Limitations & Future Work

  • The theoretical model focuses on "inter-regional" structural injustice and does not account for intra-institutional racial discrimination. The breast cancer experiment focuses on a single lever (first screening age) and is not a comprehensive causal claim.
  • The three-criterion definition includes "grey areas," such as whether institutional membership is truly exogenous in scenarios like college admissions where selection is endogenous.
  • Social Determinant Parity is proposed conceptually but lacks a differentiable form for optimization or extensive empirical comparison with existing in-processing/post-processing algorithms.
  • Multi-level causal models require high-density community-level covariates and must address the potential violation of SUTVA (no interference), leaving the engineering path for future work.
  • vs. Conditional Demographic Parity (Žliobaite et al., 2011): While CDP uses region as a mediator to explain residual bias, this paper argues for auditing the structural variables within the region directly.
  • vs. Path-specific Causal Fairness (Zhang & Bareinboim, 2018a): These methods often treat social determinants as mediators downstream of race. This paper argues that environmental variables are not ancestors of race and treating them as mediators obscures their status as direct policy intervention points.

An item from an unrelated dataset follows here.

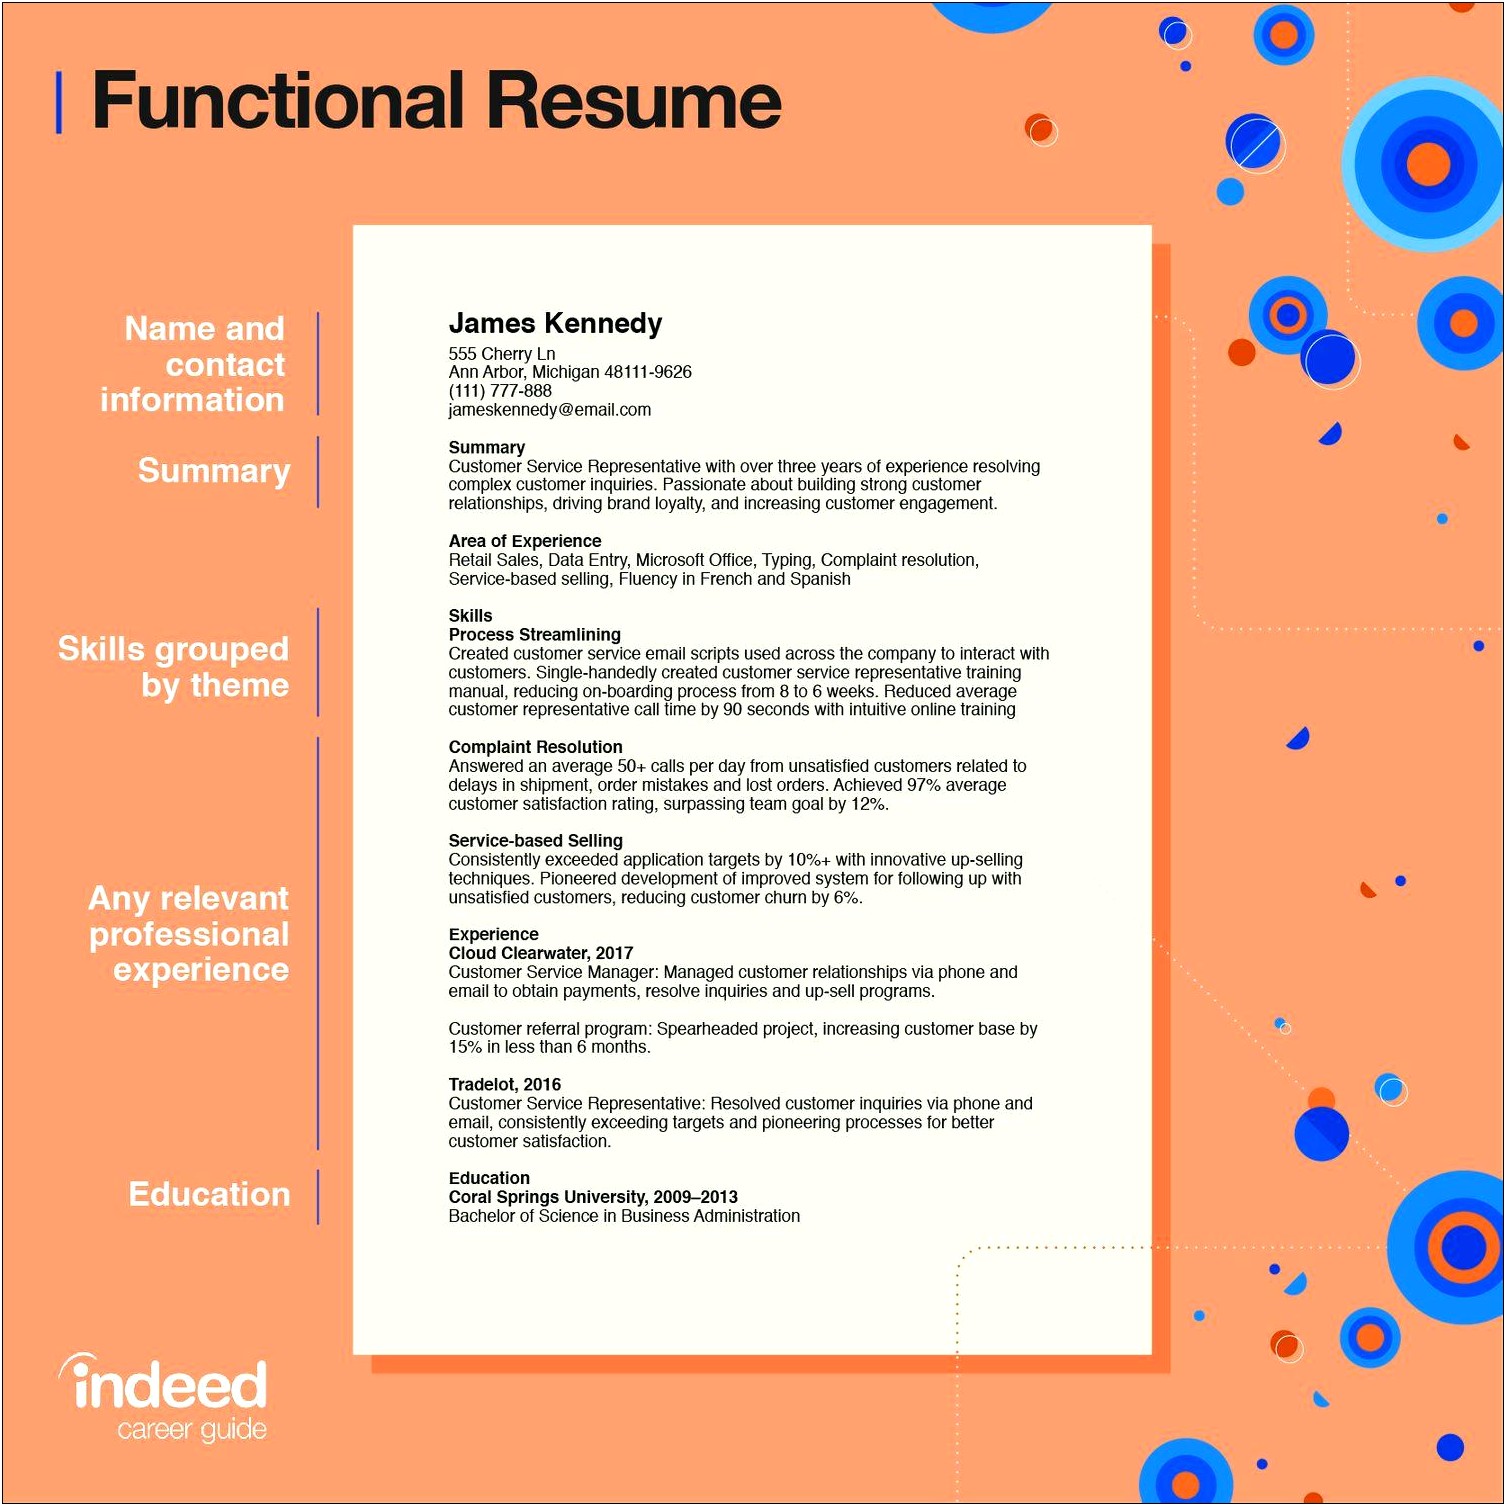 Resume Jobs Oldest To Newest

  • vs. Domain Adaptation for Fairness (Madras et al., 2018): These approaches treat contextual heterogeneity as distribution shift to be normalized. This paper opposes treating context as noise, arguing it is the primary signal for auditing.
  • vs. Obermeyer et al. (2019): While that work empirically showed how "cost as a proxy for need" creates racial bias, this paper scales that insight into a generalized methodology with theoretical models and actionable pillars.

Rating

  • Novelty: ⭐⭐⭐⭐⭐ Redefines the "object of audit" in a crowded field; fundamental position-level innovation.

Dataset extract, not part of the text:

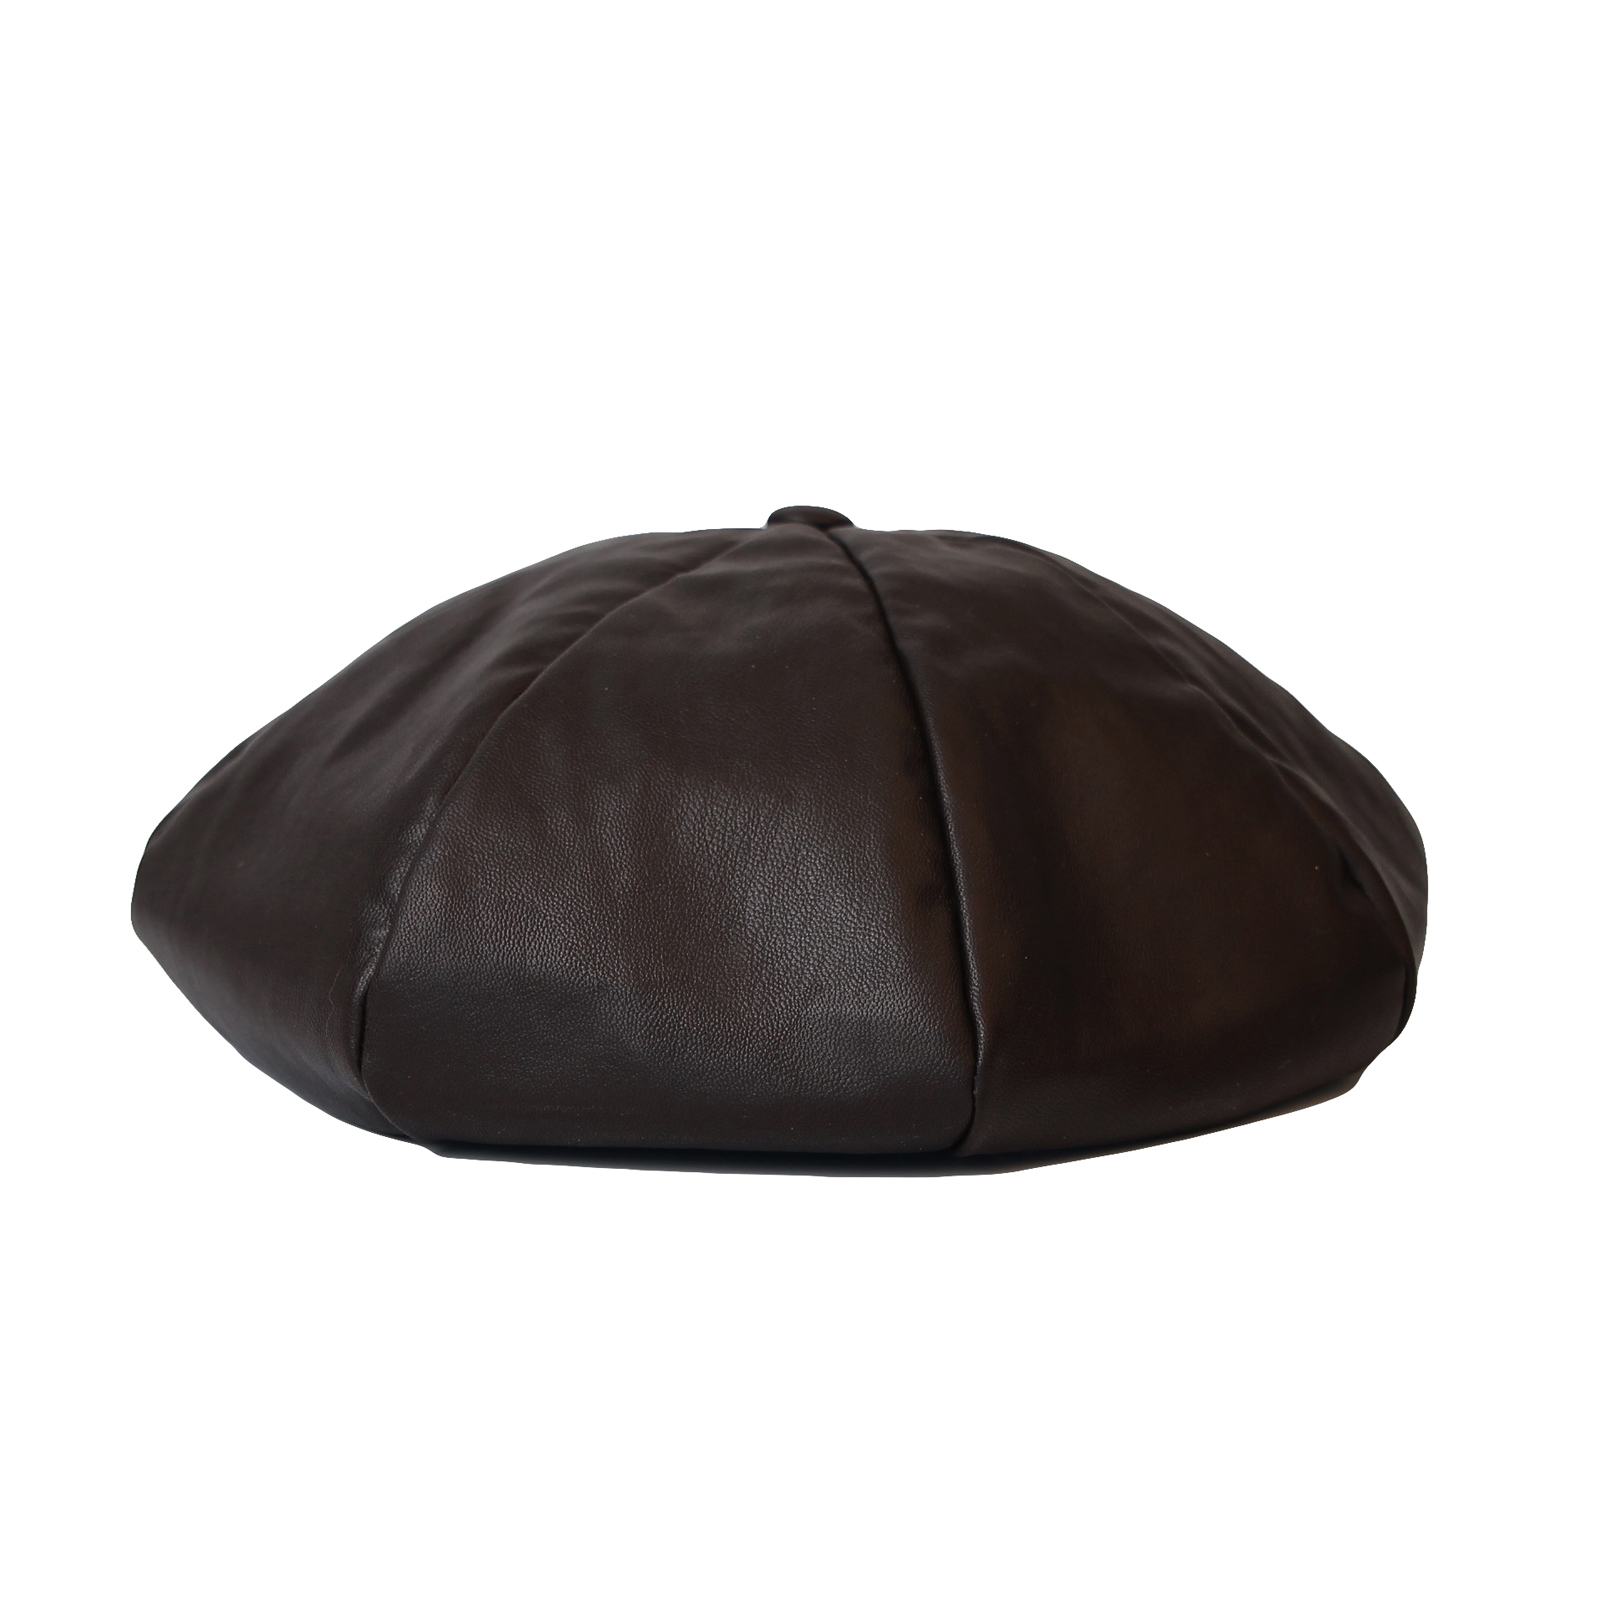 WITHMOONS Newsboy Hat Cabbie Beret Driving Applejack Cap Faux Leather ...

  • Experimental Thoroughness: ⭐⭐⭐⭐ Combines theoretical proofs, Census data, real medical data, and simulations; lacks end-to-end comparison with existing de-biasing algorithms.
  • Writing Quality: ⭐⭐⭐⭐⭐ Extremely clear argumentation; Table 1 and the Quota Theorem are highly effective.
  • Value: ⭐⭐⭐⭐⭐ Provides a replicable conceptual framework and actionable technical pillars; highly significant for directing ICML community research.